井村 資格を取ろうと思ったのは、ちょうど2010年頃に出会った今の妻と結婚したくて、向こうの親に「こんなに難しい資格を持ってるなら大丈夫!」と安心させたかったからです。

 当時、共同生活はコスパがいいので、妻のマンションに転がり込んでいましたが、急にマンションが取り壊されることになり、立ち退きを迫られることになった。「これは結婚のチャンスだ!」と思いました。妻は公務員でしたし、自分が投資に失敗しても安泰。試算すると生活コストもさらに安くなる。結婚は圧倒的にコスパがいいと確信し、付き合って1年ぐらいで「僕を扶養にいれてください!」とプロポーズしたら「期間限定ならいいですよ」とOKしてくれたんです。つまり、裏返すと「ずっとヒモは許さんぞ」ということですね。実際に株で利益が出せたので、1年ぐらいで扶養は抜けられましたが、しばらく扶養してもらっていました……。

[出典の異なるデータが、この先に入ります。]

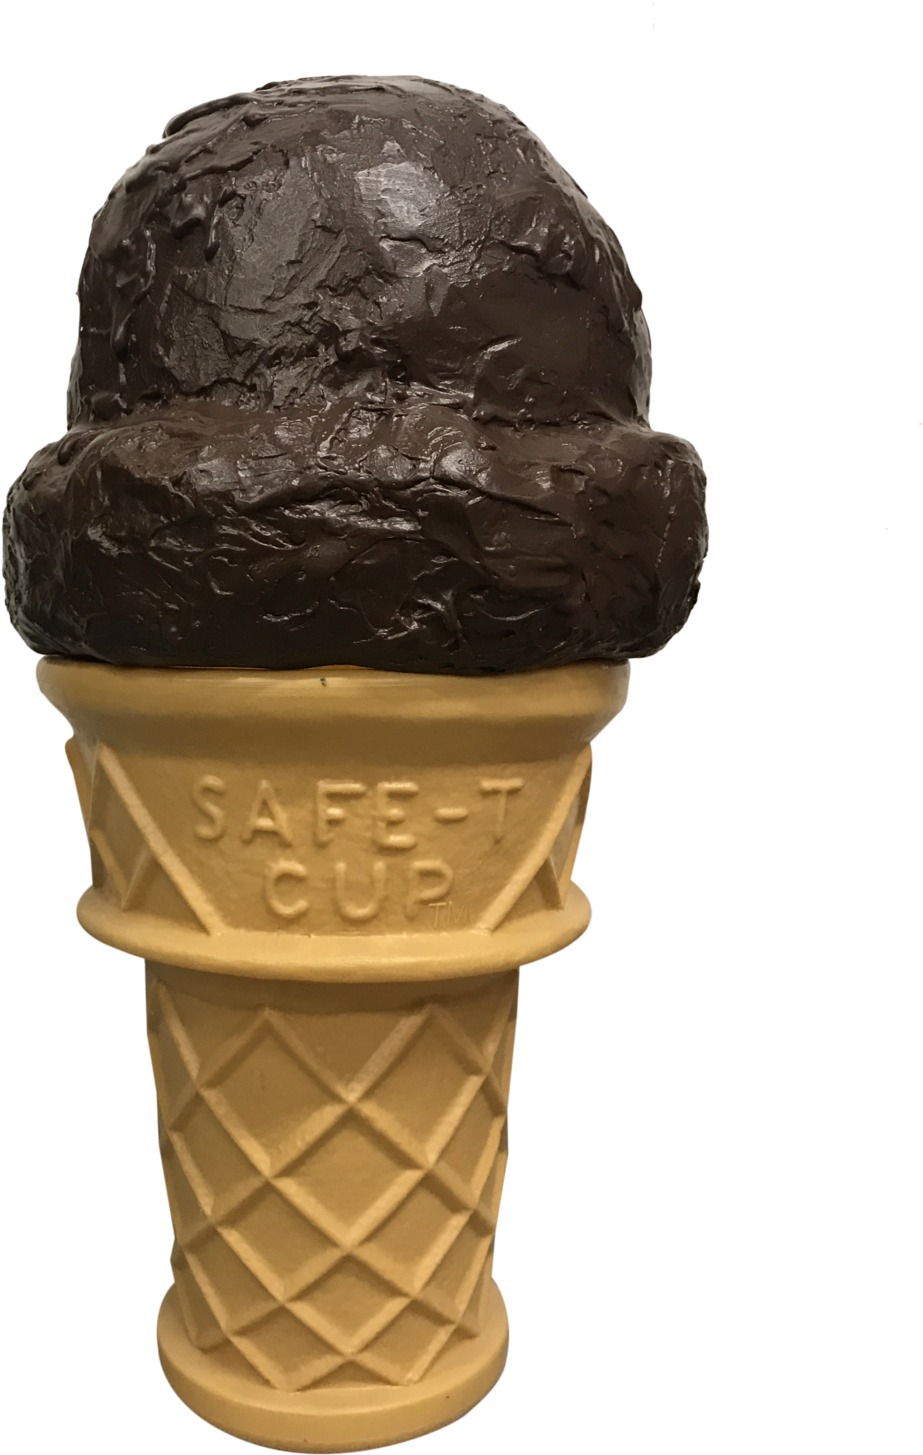 Chocolate Ice Cream Cone S A F T C U P PNG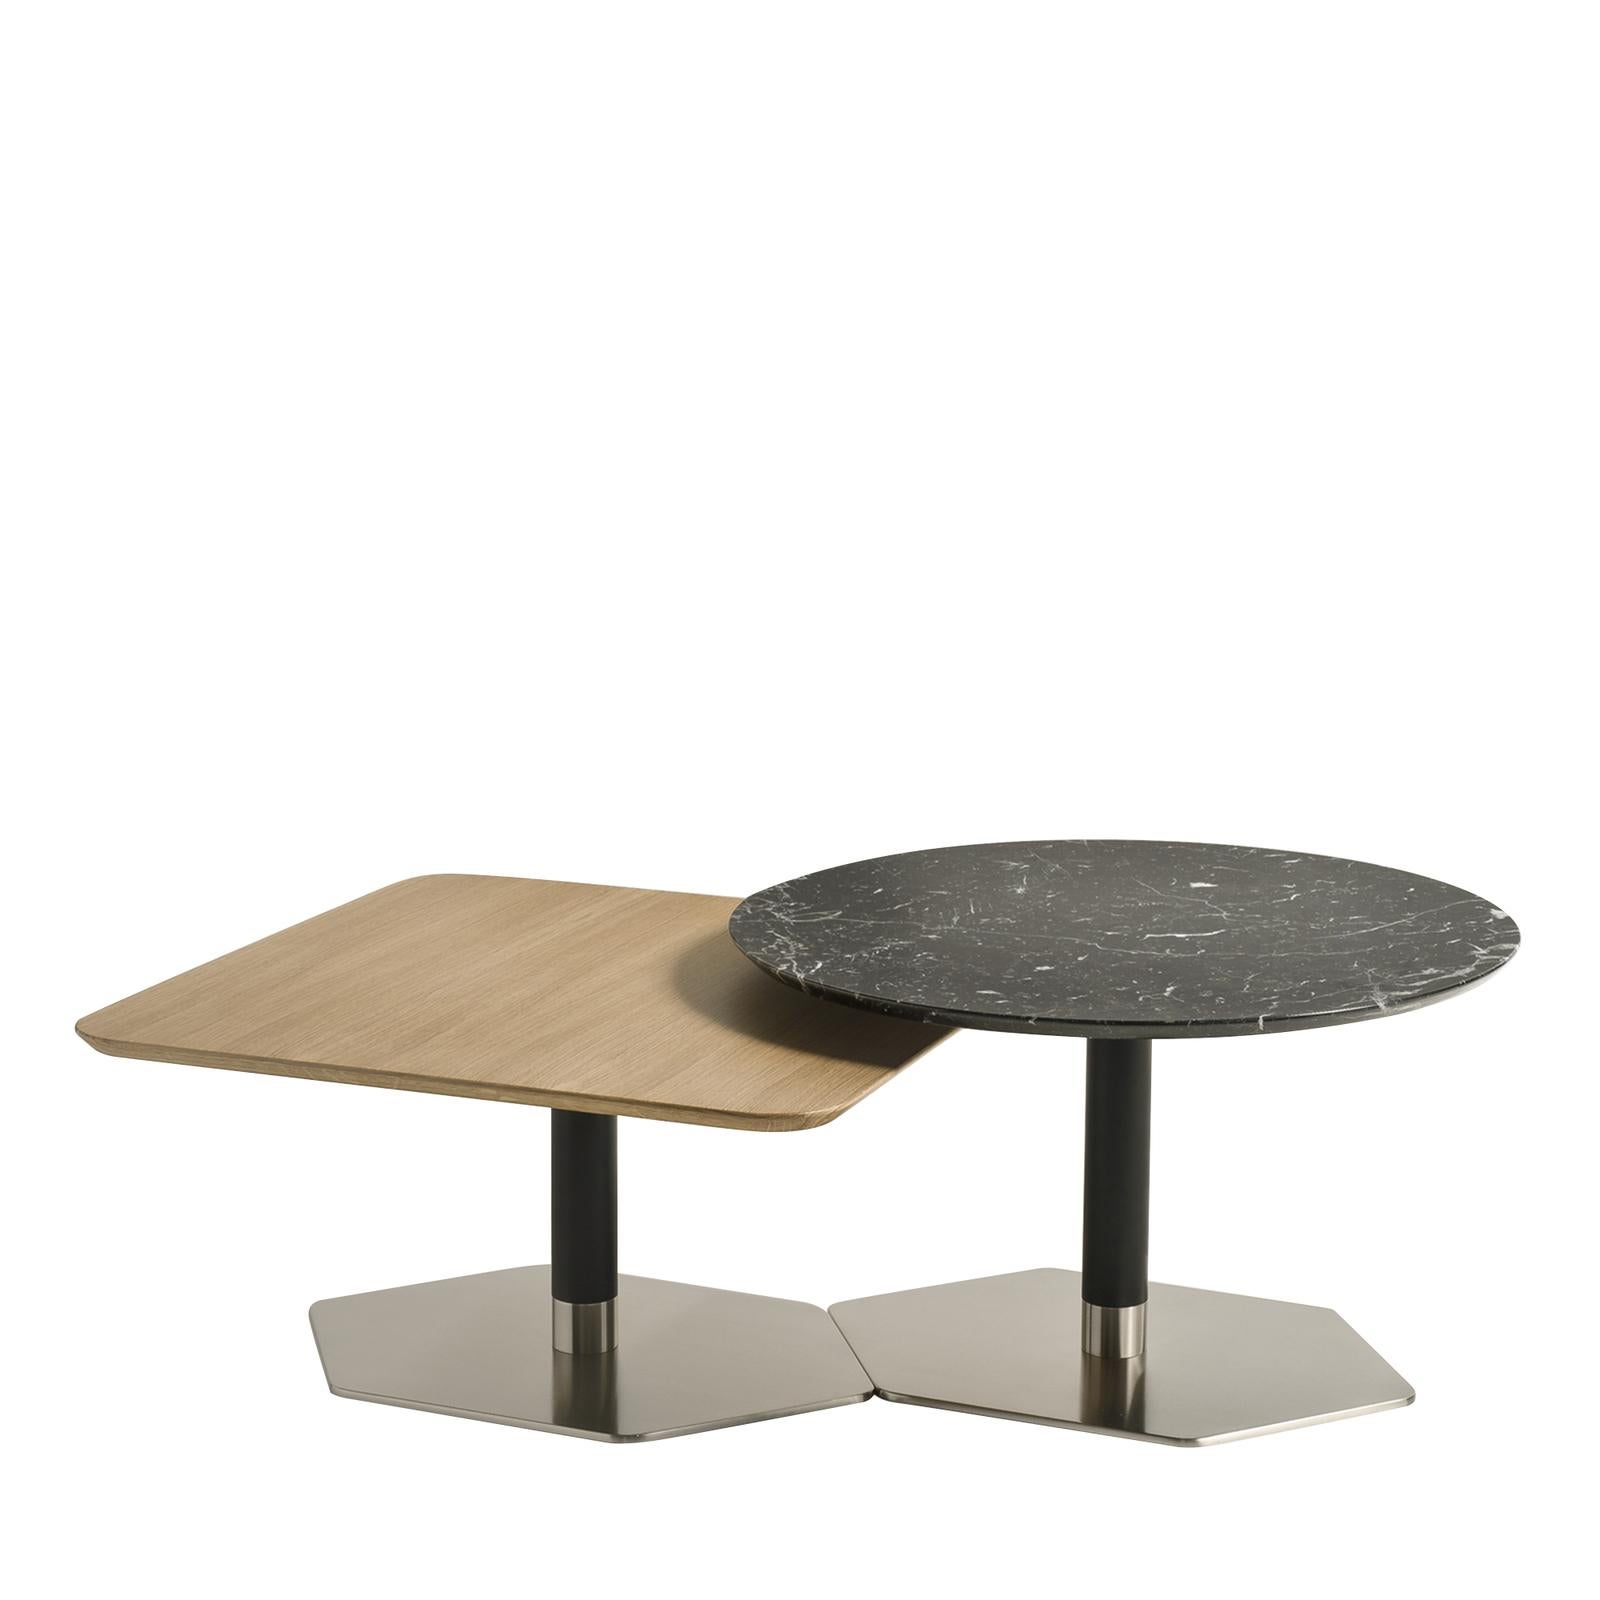 Dieses mit viel Liebe zum Detail gefertigte Tischset ist Teil der modularen Tischserie

「日本中小企業大賞2022」の特別審査員を務めた井村さん(一番左。「中小企業からニッポンを元気にプロジェクト」HPより)

――井村さんにとって投資家という仕事について、コスパをどう感じていますか?

井村 こんなにコスパのいい仕事はありません。いわゆる本物の頭がキレる優秀なエリート層は、みんなコンサルとか外資とか良い会社に入る。優秀だから仕事も振られるし、自分みたいに寝ても覚めても株を調べるような時間はありません。

 だから、実は本気でやっているライバルはあまりいないんです。1億超えの投資家は割といますし、国内トップクラスだと200億ぐらい利益を上げている方もいらっしゃいます。Youtuberになって一発当てるよりも競争率を加味してコスパを考えると、リターンは大きいのではないでしょうか。